Сухой, отрывистый, испуганный голос звучал дальше, и Уильям Стоунер слушал в каком-то оцепенении; голос, казалось ему, существовал только в трубке, которую он прижимал к уху. Сообщение касалось его отца. Он почти неделю, сказал позвонивший, чувствовал себя плохо, но наемный работник в одиночку не мог справиться с пахотой и севом, и отец, хотя у него был сильный жар, рано утром вышел в поле сеять. Ближе к полудню работник нашел его лежащим ничком на вспаханном поле, он был без сознания. Работник притащил его домой, уложил в кровать и отправился за врачом, но в полдень отец уже был мертв.
– Спасибо за звонок, – механически промолвил Стоунер. – Скажите моей маме, что я приеду завтра.
Он повесил трубку и долго глядел на колоколообразный раструб микрофона, прикрепленный к тонкому черному цилиндру. Потом обернулся и обвел глазами комнату. Эдит смотрела на него ожидающе.
– Ну что? О чем это? – спросила она.
– О моем отце, – ответил Стоунер. – Он умер.
– Ох, Уилли! – воскликнула Эдит. Потом наклонила голову. – Ты, наверно, уедешь до конца недели.
– Да, – сказал Стоунер.
– Тогда я позову тетю Эмму, чтобы помогала мне с Грейс.
– Да, – механически произнес Стоунер. – Хорошо. Он нашел себе в университете замену на ближайшие дни и рано утром поехал на автобусе в Бунвилл. Шоссе между Колумбией и Канзас-Сити, проходящее через Бунвилл, было той самой дорогой, по которой он семнадцать лет назад отправился учиться; за эти годы дорогу расширили и снабдили твердым покрытием, за окном автобуса тянулись аккуратные ограды по краям пшеничных и кукурузных полей.
Бунвилл с тех пор, как он прошлый раз его видел, изменился мало.
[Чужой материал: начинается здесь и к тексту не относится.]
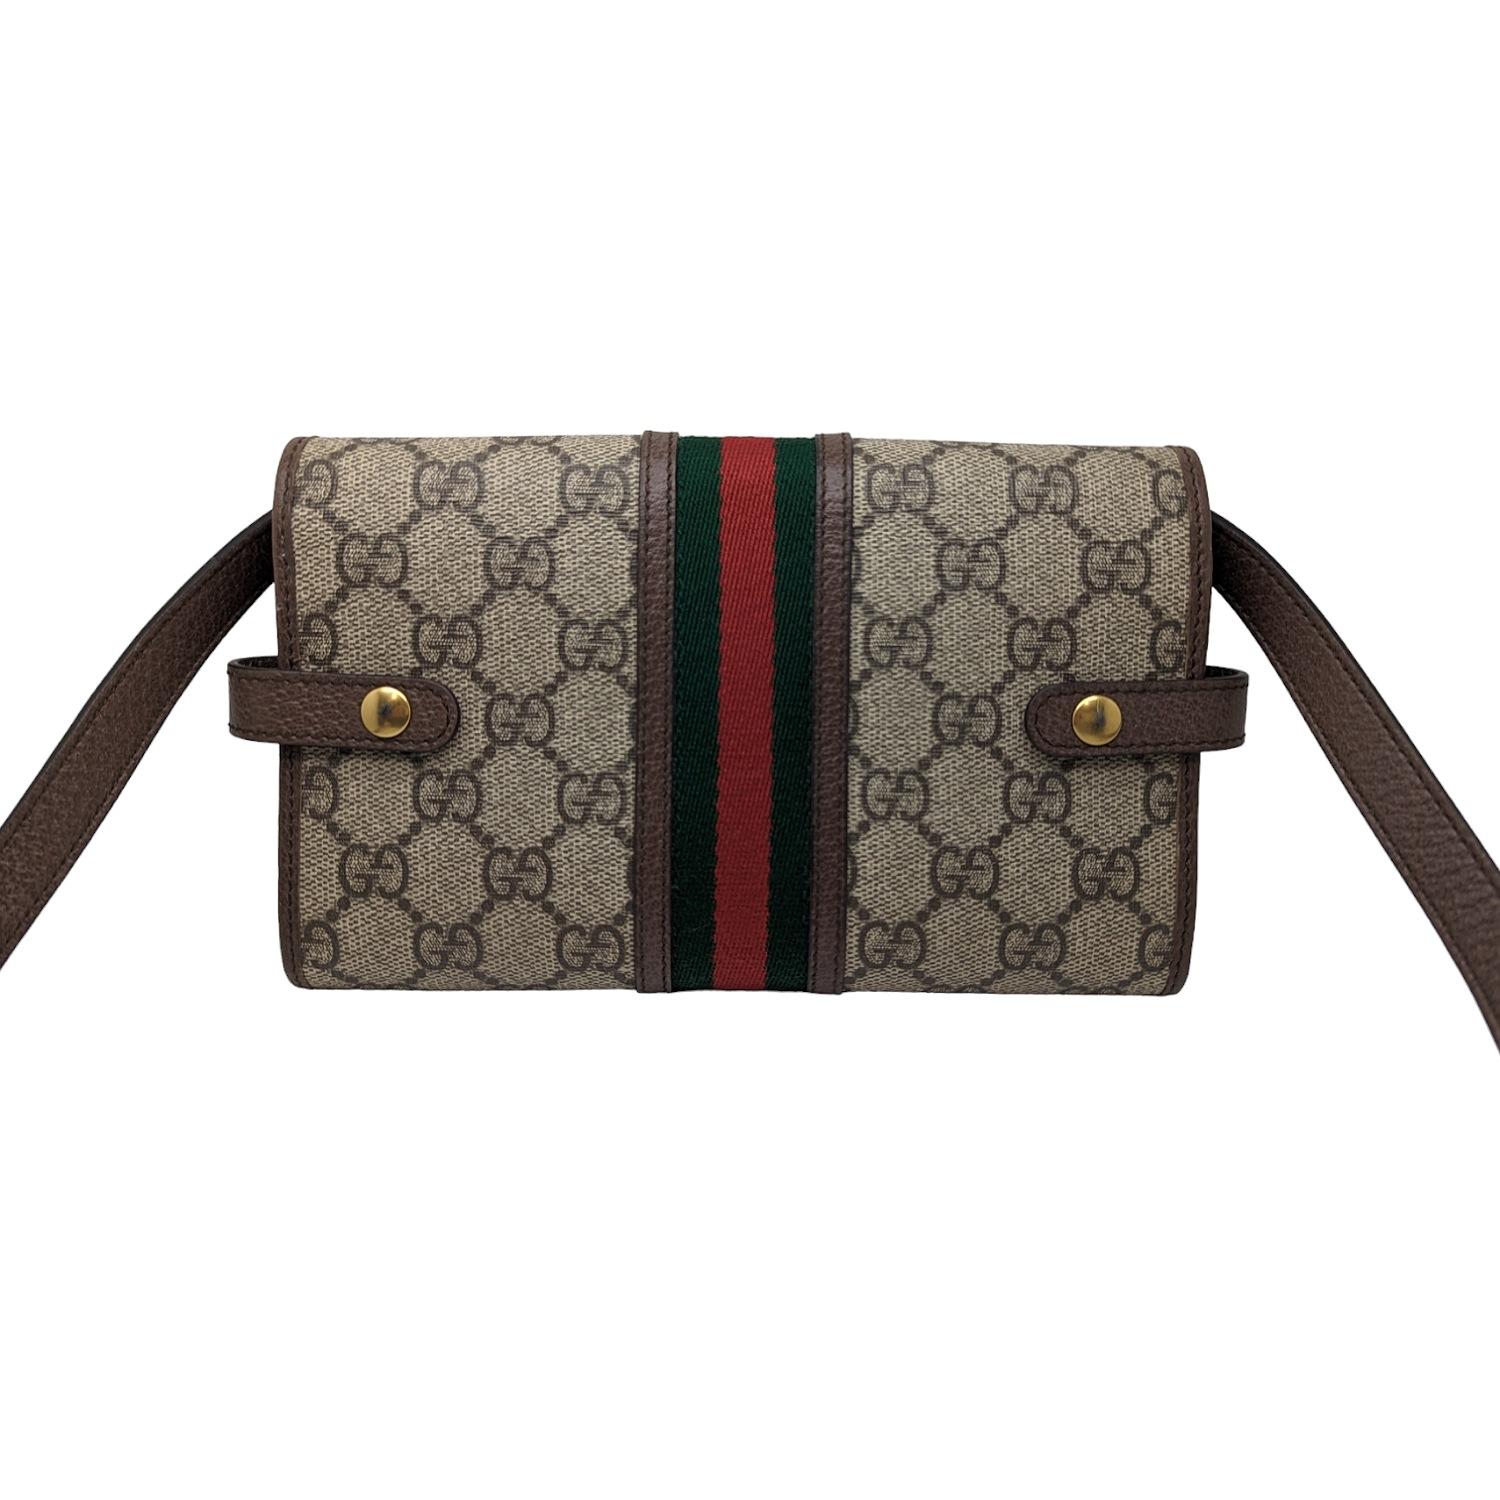 This stylish crossbody is crafted of Gucci GG monogram coated canvas with a green and red web stripe and brown leather trim. This wallet features a snap button closure in aged gold and an optional shoulder strap. The flap opens to a brown leather

Построили несколько новых зданий, несколько старых снесли; но городок и сейчас выглядел неосновательным и каким-то голым, выглядел так, словно его возвели на время и в любую минуту могут забросить за ненадобностью. Хотя за последние годы большинство улиц были вымощены, в воздухе легкой дымкой висела пыль; встречались фургоны на лошадиной тяге, из их стальных шин бетон мостовых и бордюров порой высекал искры.
Родительский дом тоже остался, каким был, – разве что сделался суше и серее; с дощатой обшивки стен краска отшелушилась совсем, крыльцо еще немного просело, и его некрашеные бревна почти соприкасались с голой землей.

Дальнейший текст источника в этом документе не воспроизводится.